The decisions that were appealed were, firstly, the trial judge’s refusal to discharge the jury and, secondly, his Honour’s refusal to allow the barrister to withdraw. But due to the way matters unfolded, the NSWCCA justices found it unnecessary to consider the second ground.
NSWCCA Justice Christine Adamson cited a judgement of former High Court Chief Justice Sir Anthony Mason in the 1992 High Court case Dietrich versus The Queen as an authority on the matter.
“The decision whether to grant an adjournment or a stay is to be made in the exercise of the trial judge’s discretion, by asking whether the trial is likely to be unfair if the accused is forced on unrepresented,” the Chief Justice had remarked.
Justice Adamson went onto explain that this “dictum” doesn’t just apply to circumstances where an accused cannot afford legal representation, but also to when a “legal representative is unable to attend for a reason which is not the fault or responsibility of the accused”.
“The trial judge failed to address the key question: whether the trial was likely to be unfair if the applicant were forced on unrepresented,” her Honour reasoned.

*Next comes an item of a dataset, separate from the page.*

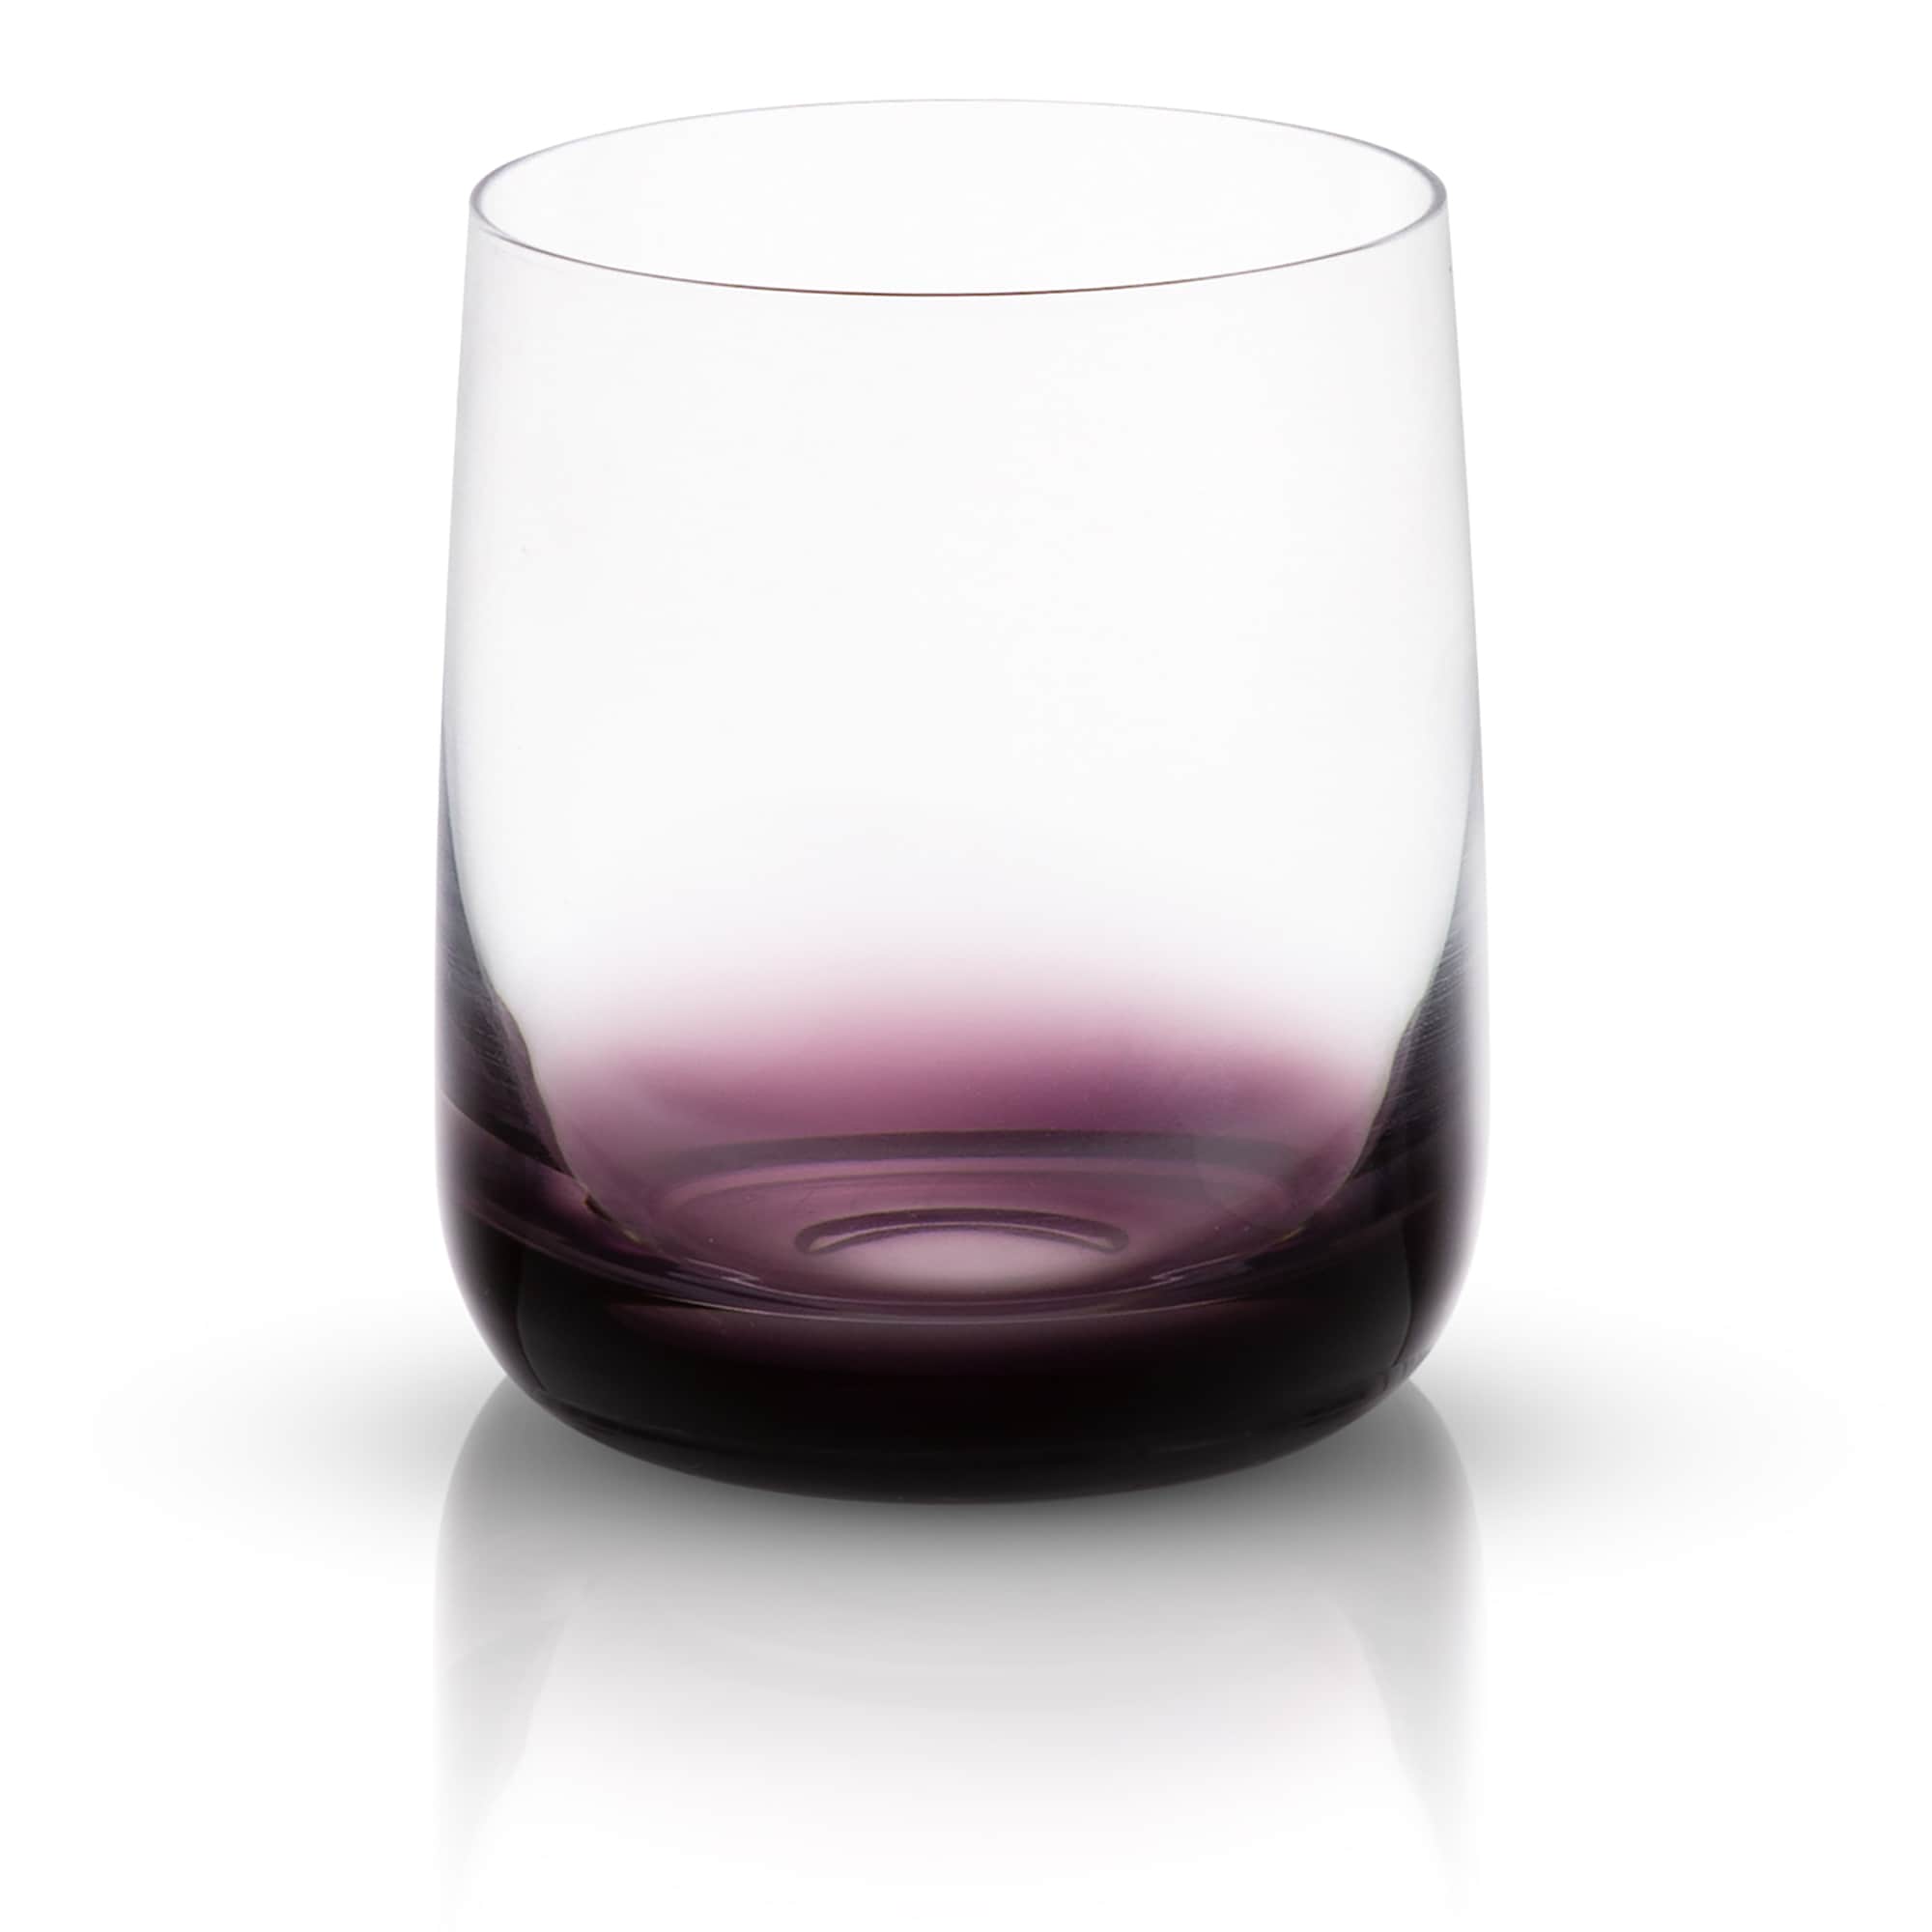 JoyJolt Black Swan Stemless White Wine Glasses, 23.1 oz Set of 4

Thus, Judge King’s “discretion to grant or refuse an adjournment miscarried”.
Based on this, the justice found that the “only legally reasonable conclusion” was that it would be unfair for the trial to proceed without the accused having competent legal representation. Her Honour noted that his course was “positively supported” by the Crown.
Justice Adamson further asserted that nothing in the reasons she provided ought to be taken “as a criticism of the decision by the applicant’s trial counsel to withdraw in the circumstances in which he believed that he had been placed”.
In the time of COVID-19
Both NSWCCA Justices Ian Harrison and Richard Button agreed with the final findings Justice Adamson issued on 30 March 2020.

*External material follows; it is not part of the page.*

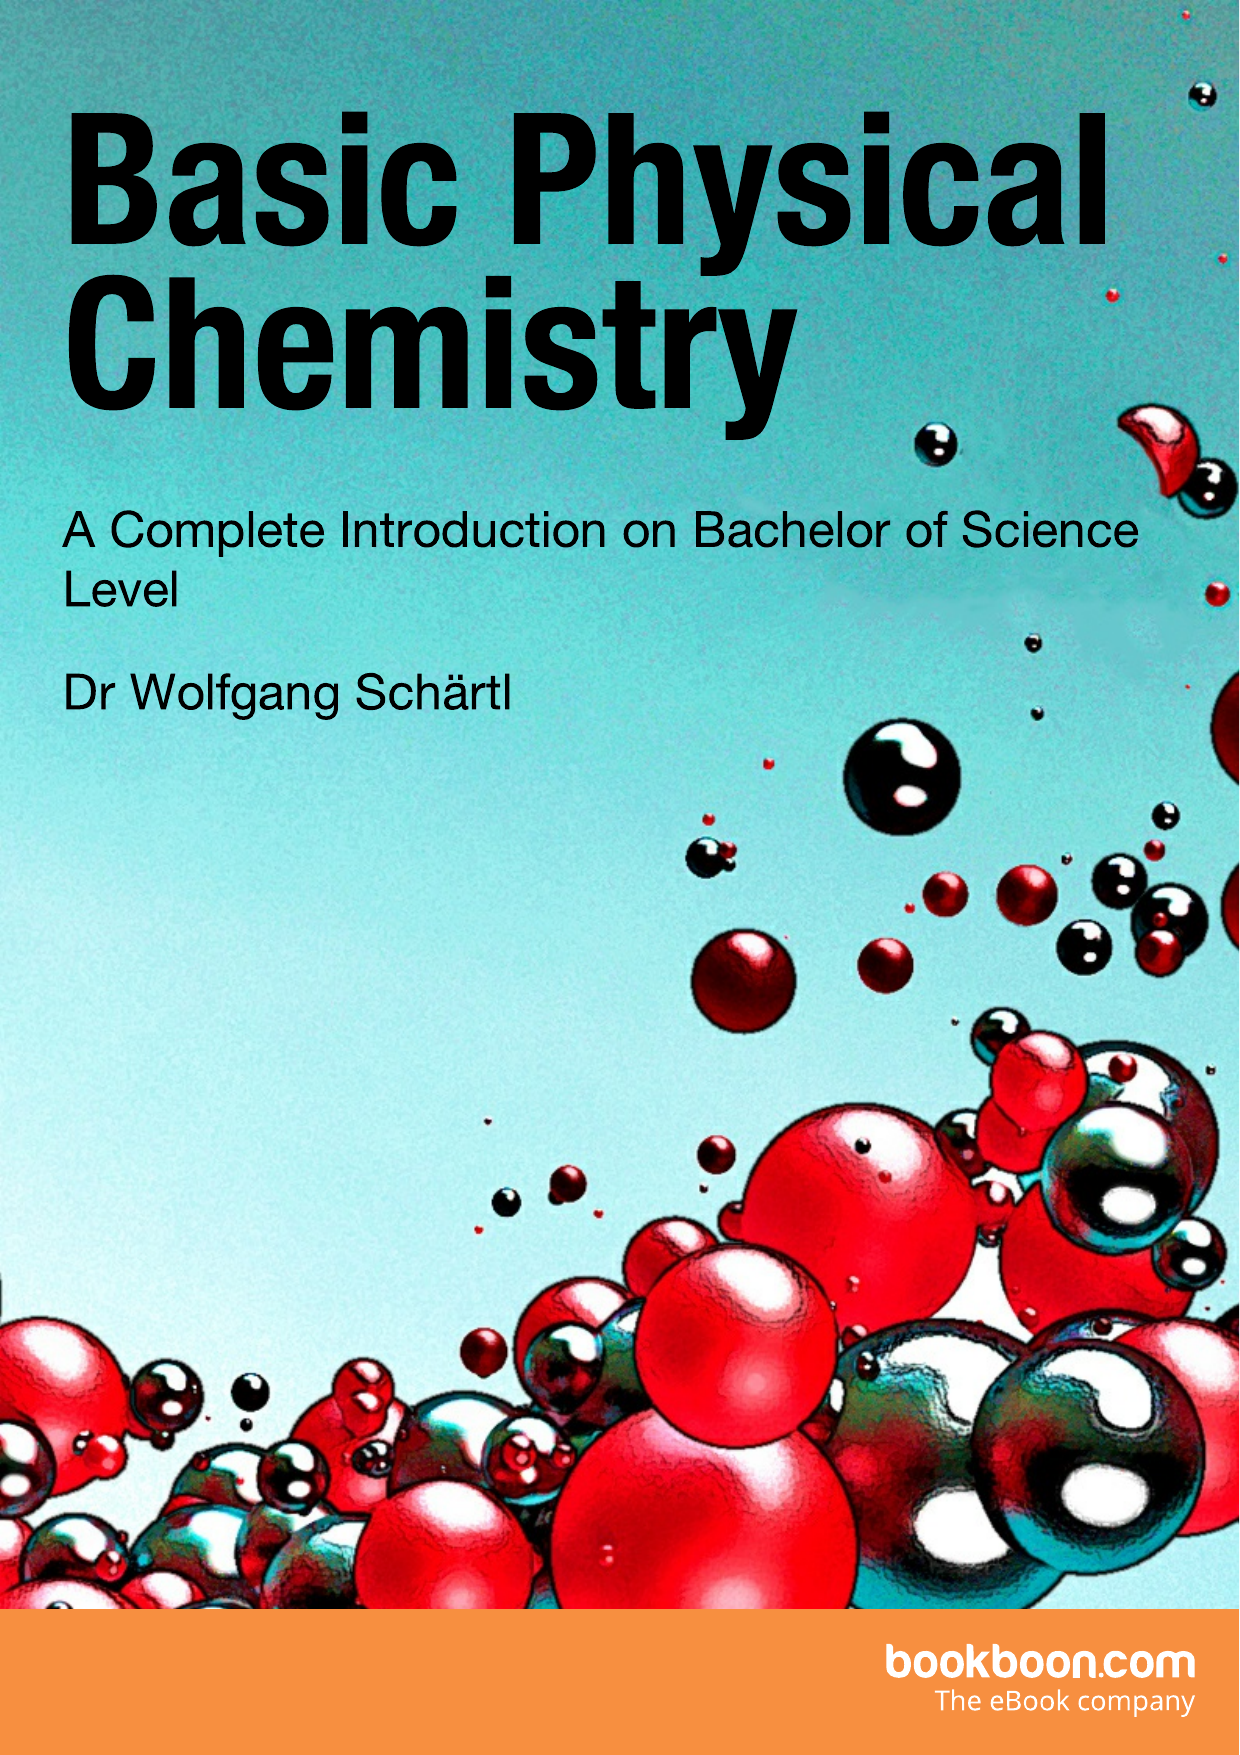 Physical chemistry. Basic химия. Physical Chemistry Chemical physics. Introduction Chemistry.

Justice Harrison added that the reason behind the barrister’s application to withdraw from the trial, or his decision to withdraw despite the trial judge refusing to sanction his application, were irrelevant considerations.
This was due to Mr Kahil suddenly having found himself with inadequate representation in the middle of his trial through no fault of his own, during proceedings that were of a very serious nature. This should have been the chief concern in the trial judge’s mind, regardless of how he got there.
The justice added that the trial judge’s exploration of alternatives to bringing the trial to an end were “to be expected and encouraged”, but to consider continuing with an “inexperienced solicitor”, a new lawyer, or by video link were all inappropriate possibilities.
“Mr Kahil’s right to competent representation at his trial should never have been subverted or compromised by the desire to keep his trial on foot,” Justice Harrison stated.
So, on 30 March, the panel of three justice of the NSWCCA allowed Mr Kahil’s appeal, vacated Judge King’s decision, ordered the jury discharged and trial vacated, and remitted the case to the NSW District Court for a new trial date to be listed.